Create a Bigtable external table

This page describes how to create a BigQuery permanent external table that can be used to query data stored in Bigtable. Querying data in Bigtable is available in all Bigtable locations.

Before you begin

Before you create an external table, gather some information and make sure you have permission to create the table.

Required roles

To create an external table to use to query your Bigtable data, you must be a principal in the Bigtable Admin (roles/bigtable.admin) role for the instance that contains the source table.

You also need the bigquery.tables.create BigQuery Identity and Access Management (IAM) permission.

Each of the following predefined Identity and Access Management roles includes this permission:

BigQuery Data Editor (roles/bigquery.dataEditor)
BigQuery Data Owner (roles/bigquery.dataOwner)
BigQuery Admin (roles/bigquery.admin)

If you are not a principal in any of these roles, ask your administrator to grant you access or to create the external table for you.

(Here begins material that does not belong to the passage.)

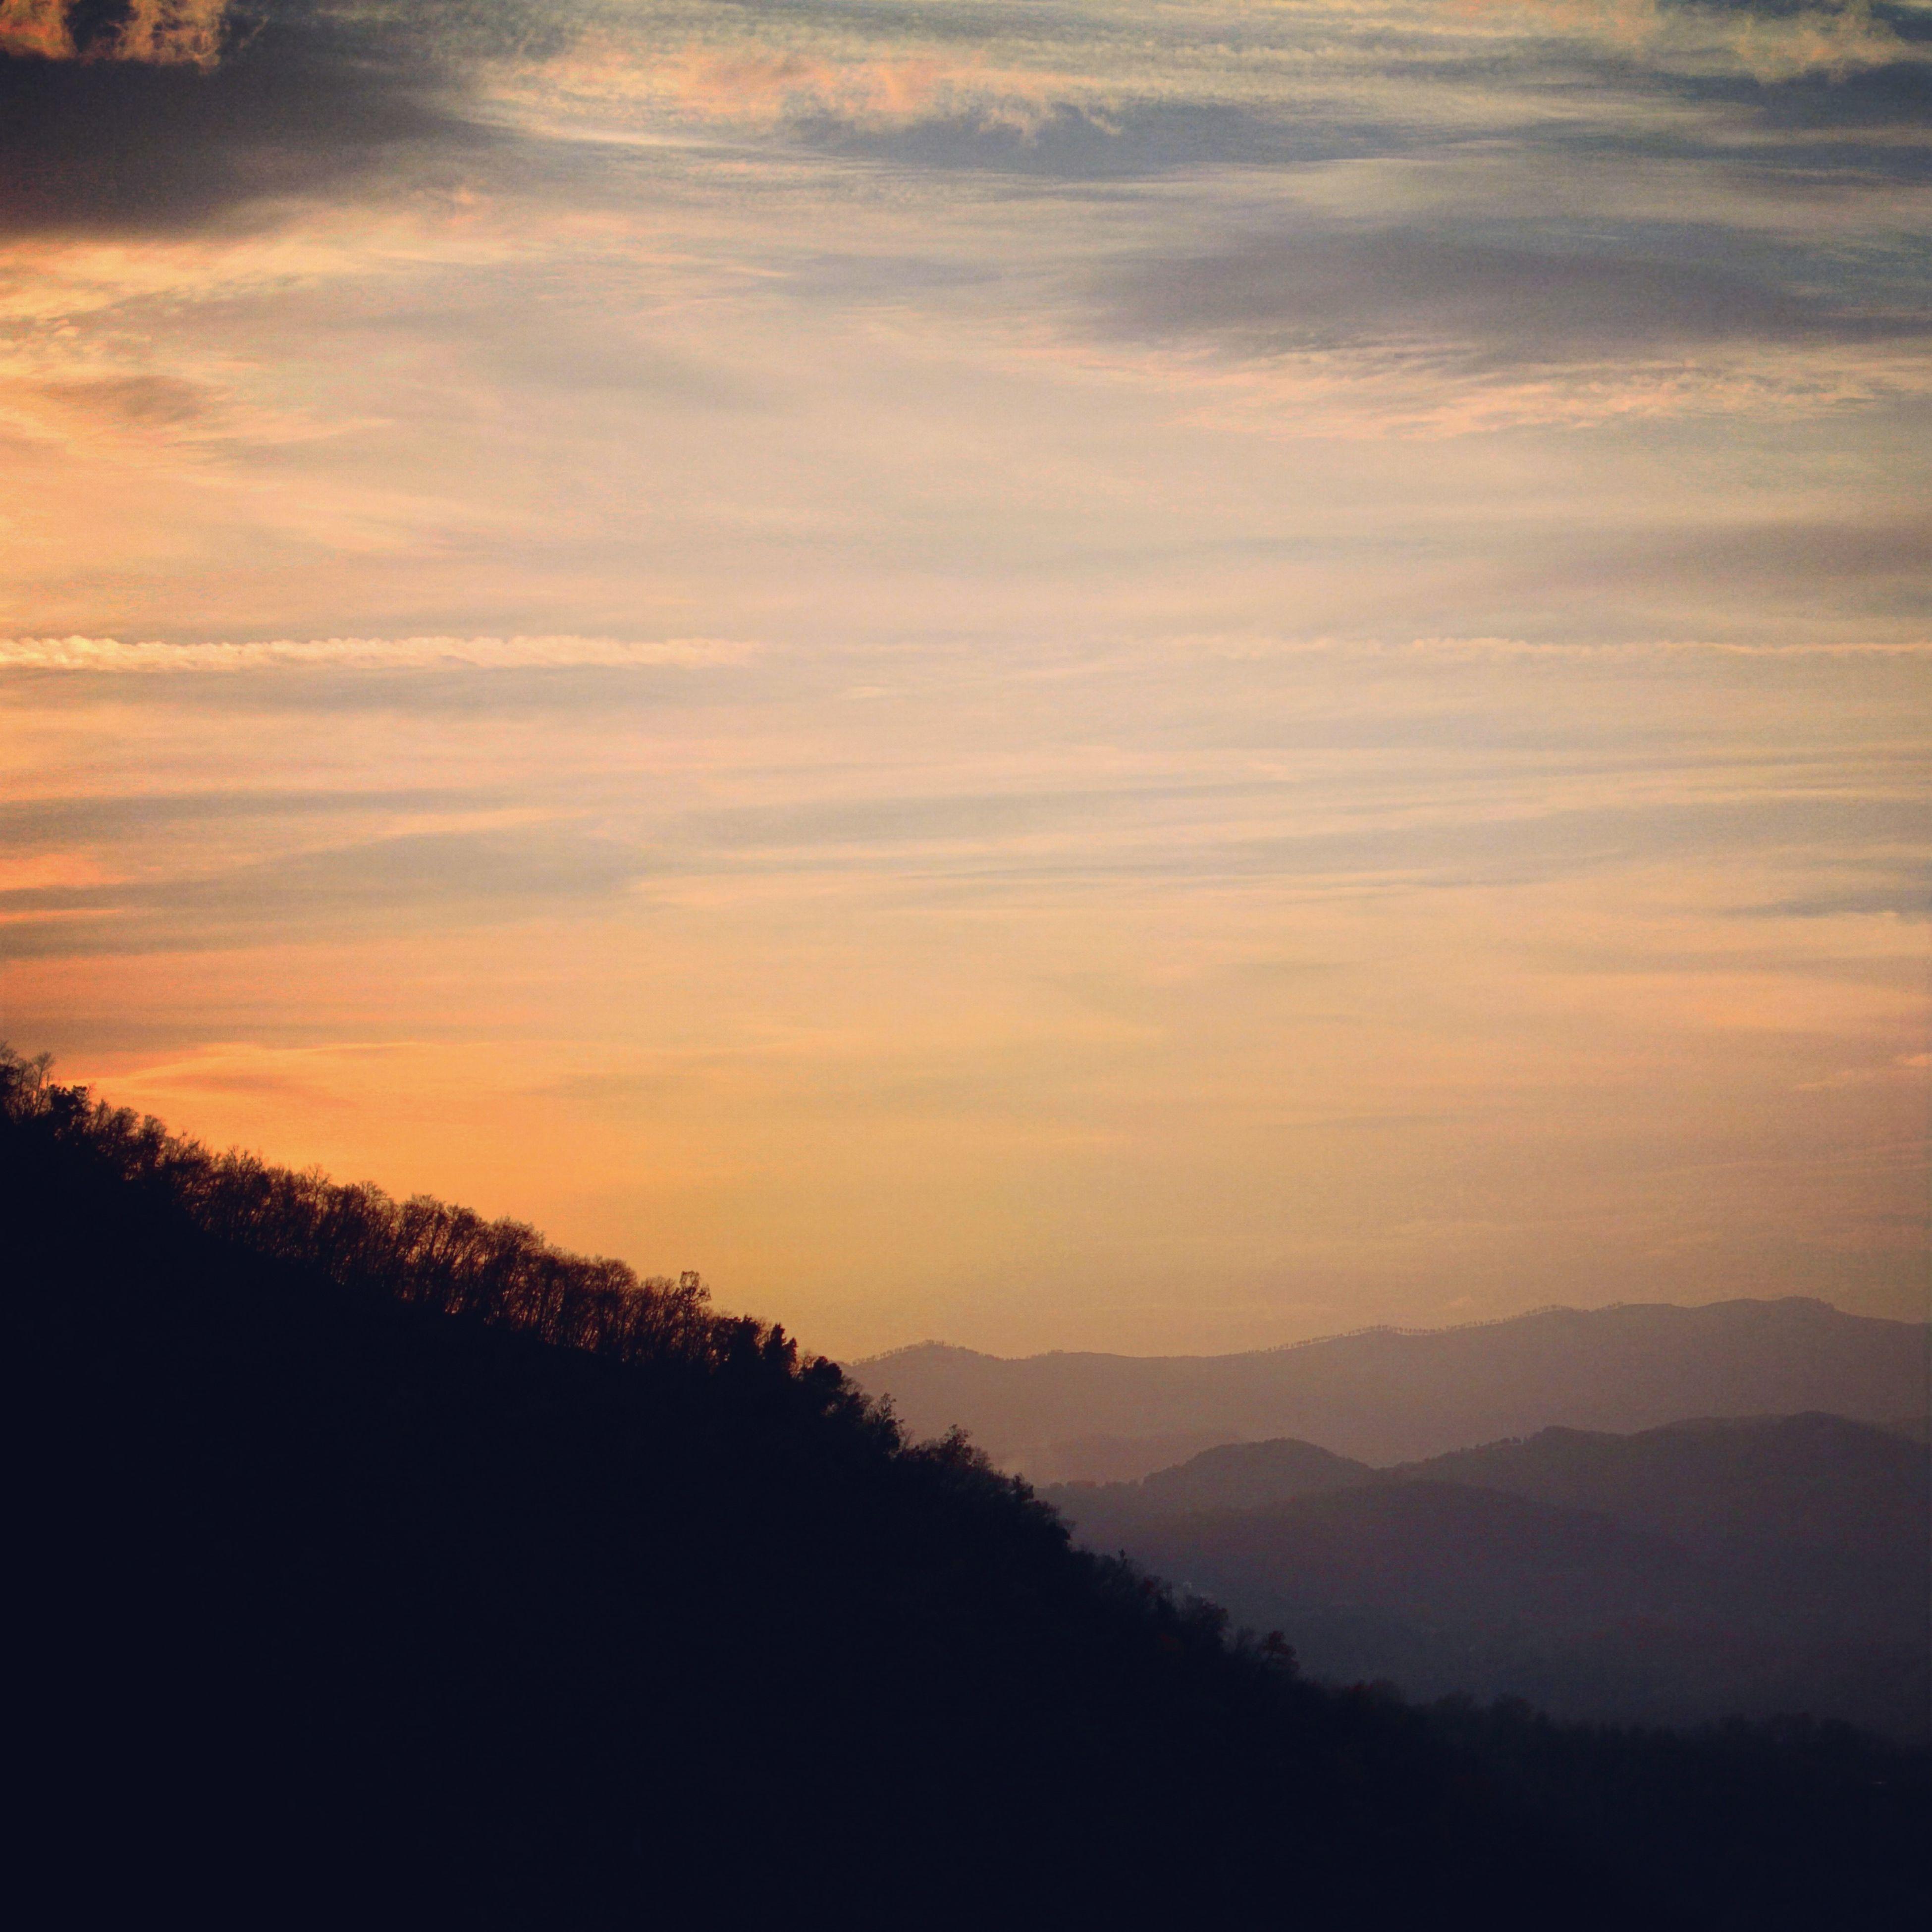 silhouette, scenics, tranquil scene, sunset, tranquility, beauty in nature, sky, mountain, landscape, tree, nature, idyllic, cloud - sky, mountain range, non-urban scene, cloud, orange color, outdoors, no people, dusk

For more information on Identity and Access Management roles and permissions in BigQuery, see Predefined roles and permissions. To view information on Bigtable permissions, see Access control with Identity and Access Management. To view the roles required to query the external table, see Query Bigtable data.

Create or identify a dataset

Before you create an external table, you must create a dataset to contain the external table. You can also use an existing dataset.

Plan your compute usage

Determine the type of compute you want to use when you query your data. You specify that you want to use Data Boost or that you want to route to a dedicated cluster in your app profile settings.

Data Boost

To avoid impacting your application serving traffic, you can use Data Boost serverless compute when you use a BigQuery external table to read your Bigtable data. To use Data Boost, you must use a Data Boost app profile and include the app profile ID when you compose your Bigtable URI. For more information about Data Boost, see Bigtable Data Boost overview.

Provisioned nodes

If you don't use Data Boost, cluster nodes are used for compute.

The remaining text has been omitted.